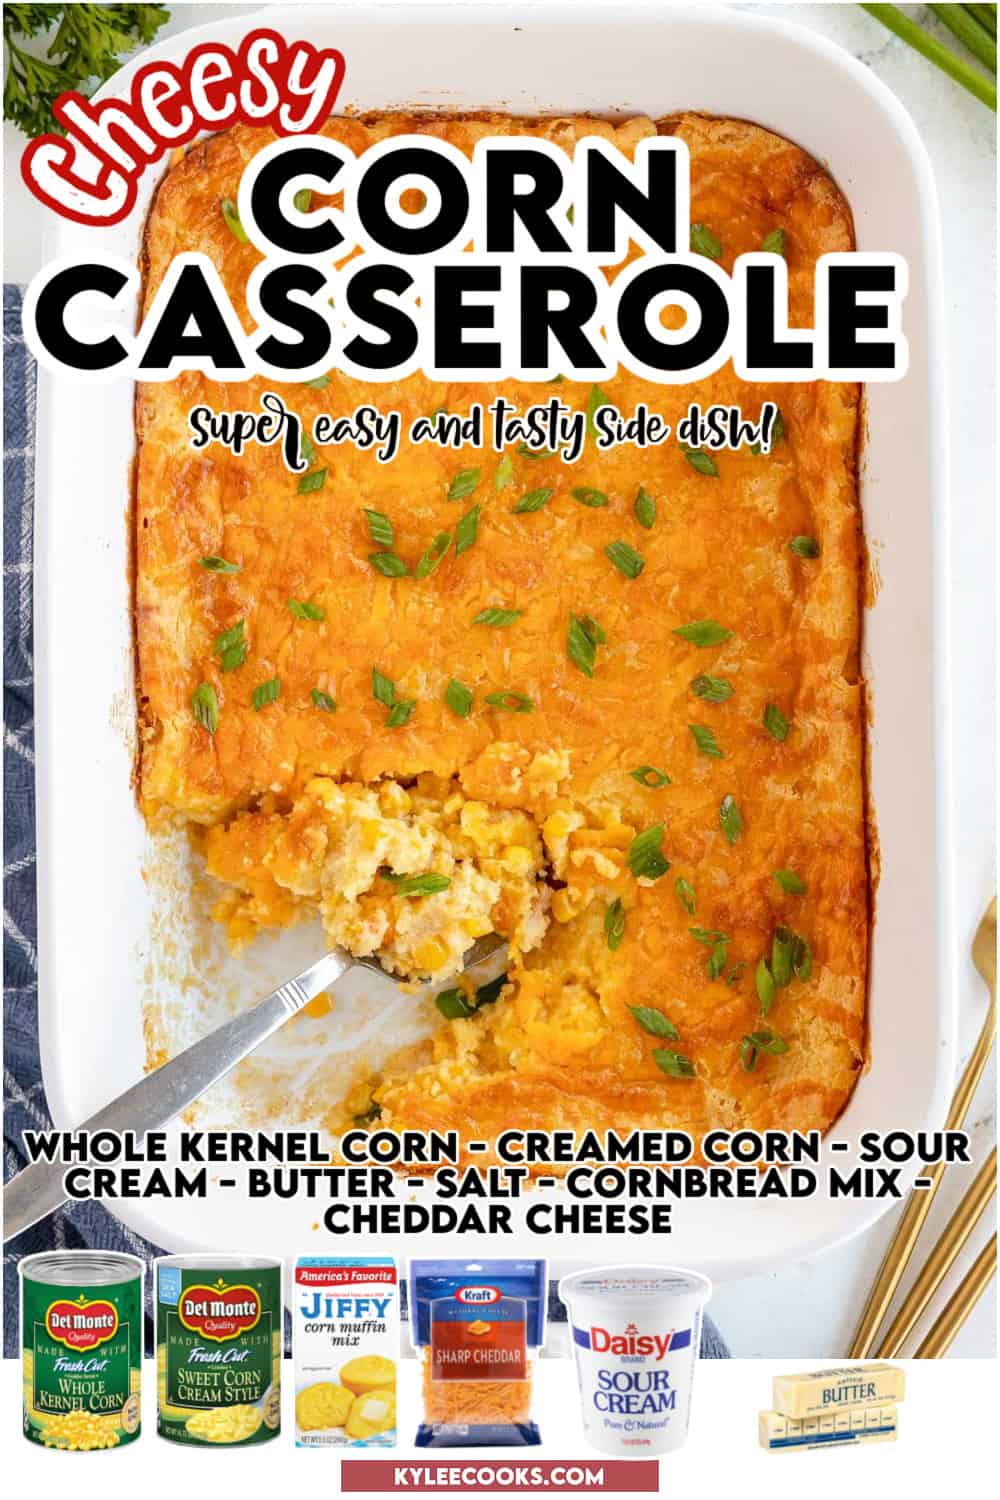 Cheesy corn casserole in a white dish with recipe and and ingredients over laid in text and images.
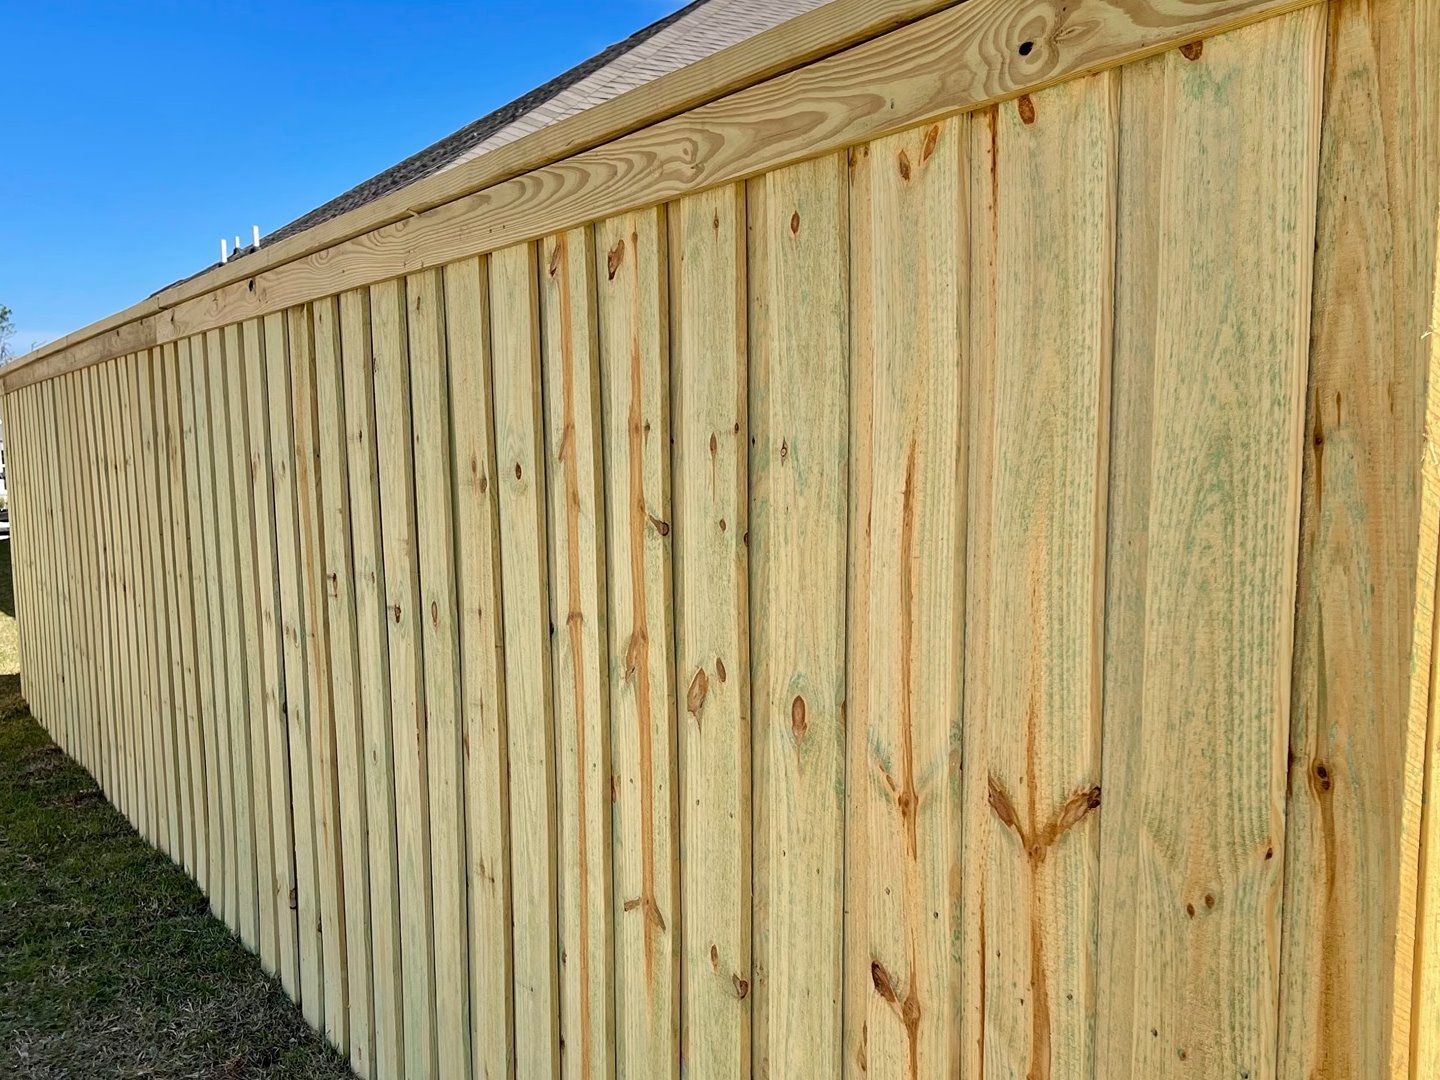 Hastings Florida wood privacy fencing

---

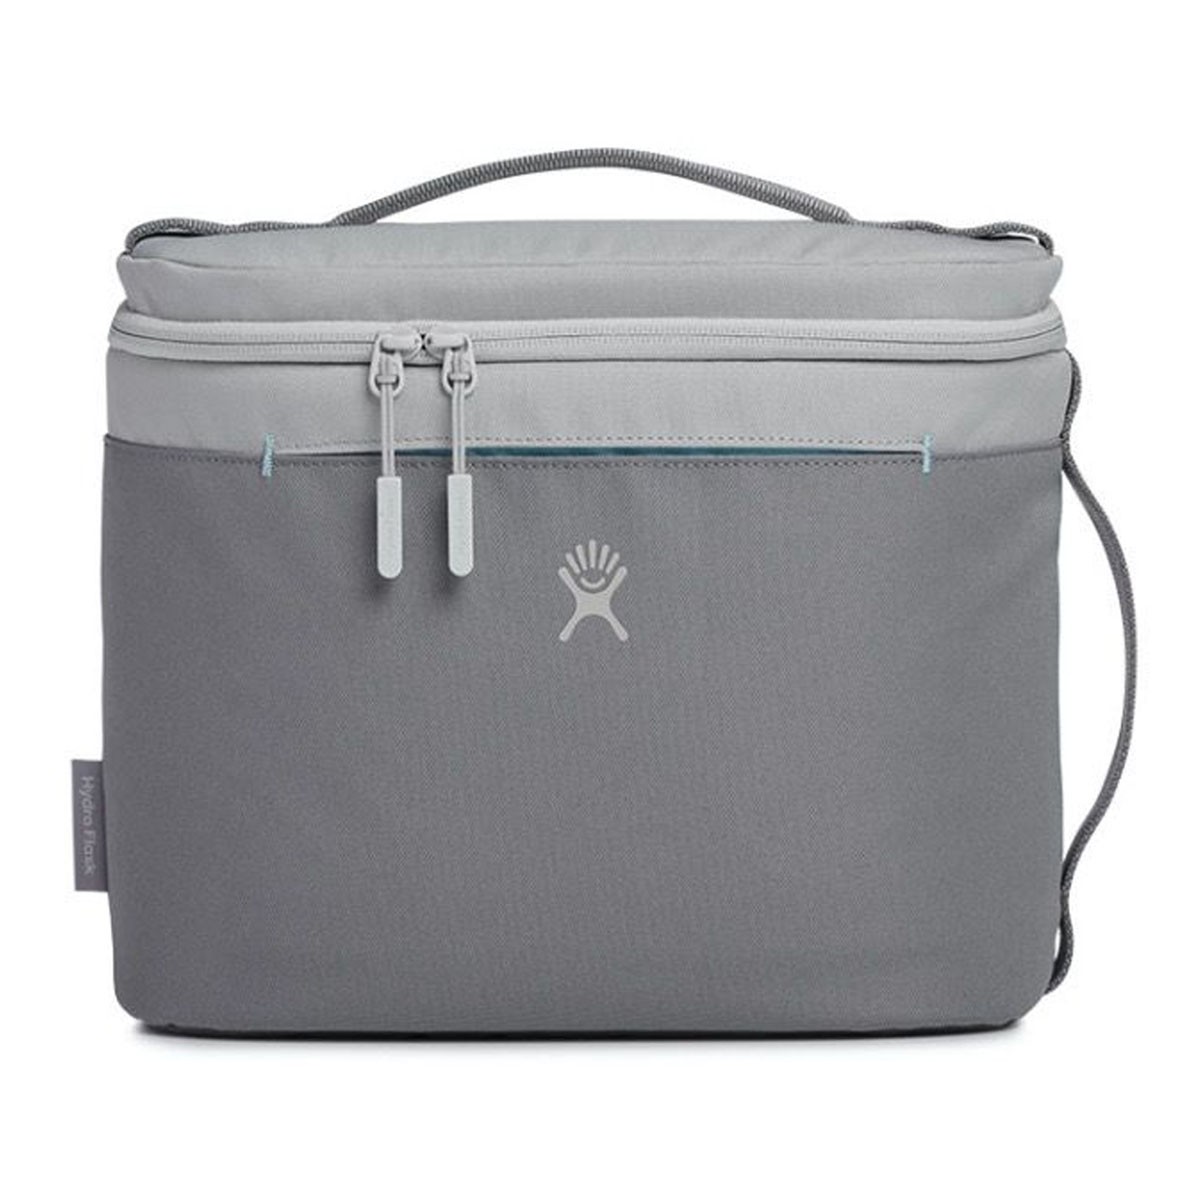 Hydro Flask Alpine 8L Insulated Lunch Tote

- **Directions**: "Cheesy corn casserole" marks the first line to copy, and "Hastings Florida wood privacy fencing" marks the last. Repeat that stretch above exactly, with no pictures.

- **Written answer**:
 Cheesy corn casserole in a white dish with recipe and and ingredients over laid in text and images.
 Hastings Florida wood privacy fencing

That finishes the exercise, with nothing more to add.